As predators, spiders play a major role in regulating insect populations, and they are themselves regulated by often specific predators including:

  • insects, with in particular wasps, including all pompiles wasps exclusively predatory of spiders, which they bite precisely at the level of the nerve centers by paralyzing them before taking them to the breeding site of the larvae, as well as the wasps masons who build earthen urns which they fill with small paralyzed spiders (which will be used to feed their larvae),
  • many reptiles,
  • some amphibians,
  • many birds said to be insectivorous or more general including almost all the birds eating close to the ground or on the ground (thrush, wagtail, robin, wren, etc. up to the heron, via pheasants, hens, guinea fowl, partridge...),
  • some mammals, including bats, hedgehogs, foxes or mustelids (including weasel, weasel ...).

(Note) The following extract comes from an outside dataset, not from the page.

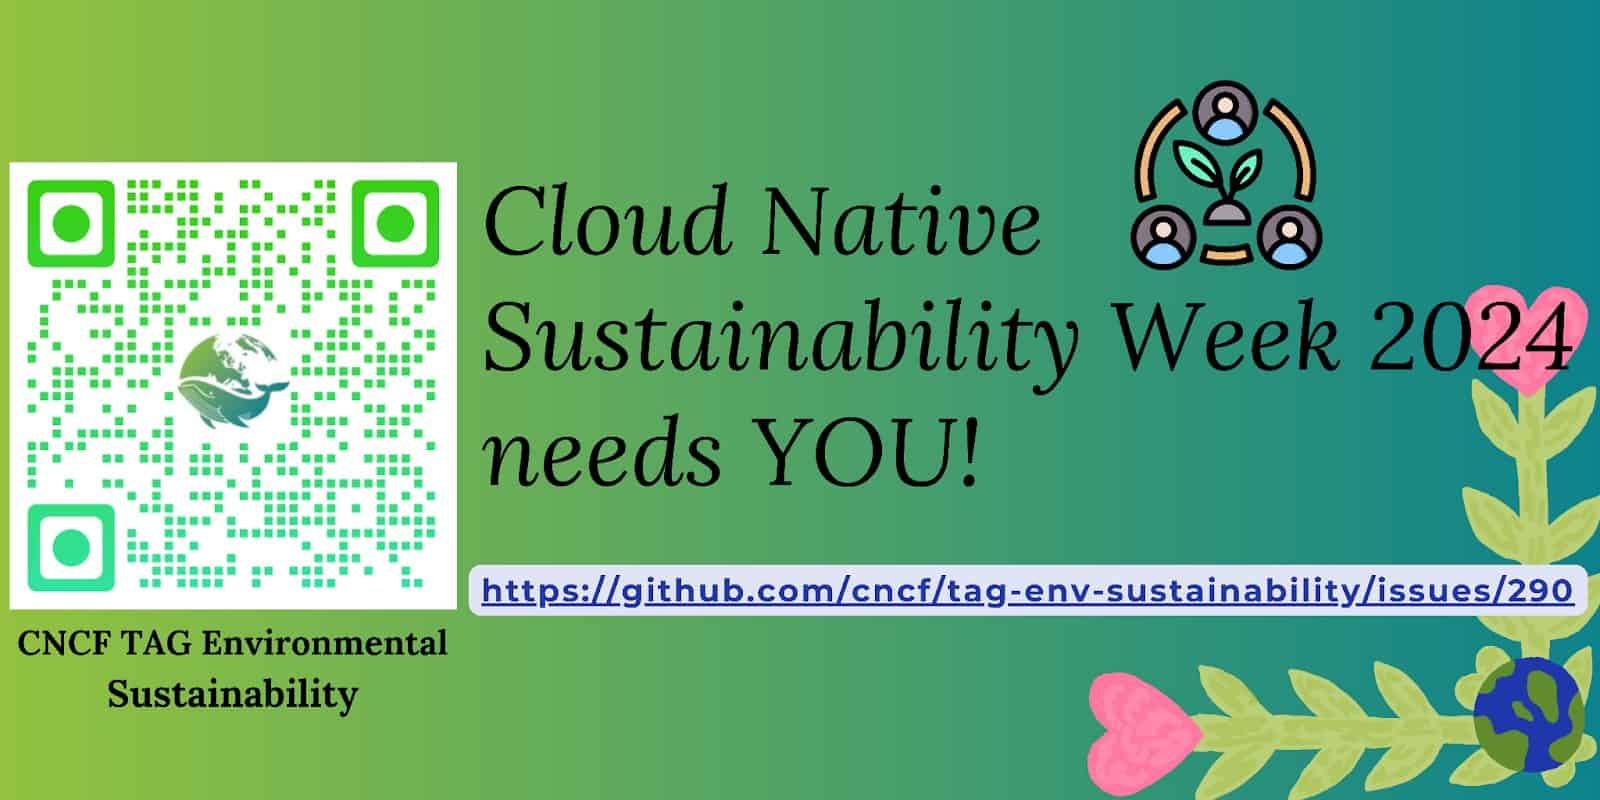 Banner for encouraging to support and contribute to CNCF TAG Environmental Sustainability Cloud Native Sustainability Week 2024 by joining discussion in the dedicated GitHub issue: https://github.com/cncf/tag-env-sustainability/issues/290 

The sericogenic glands produce silk spun by small articulated protuberances (dies), most often 6 in number, located on the ventral side more or less at the end of the abdomen. The silk is liquid in the glands, but solidifies into fibrils once exited by the fusules, under the effect of the traction exerted by the legs of the animal and in contact with the air. The silk thread is in fact constituted by an interlacing of a high number of elementary fibrils, of 0.05 μm in diameter each. The diameter of the silk thread varies between 25 and 70 µm, (with an equivalent diameter, these threads are deemed to be more resistant than steel and have a shape memory 5 to 12 times greater than latex).

Most species of spiders have venom glands.

The branch of arachnology dedicated to them is araneology.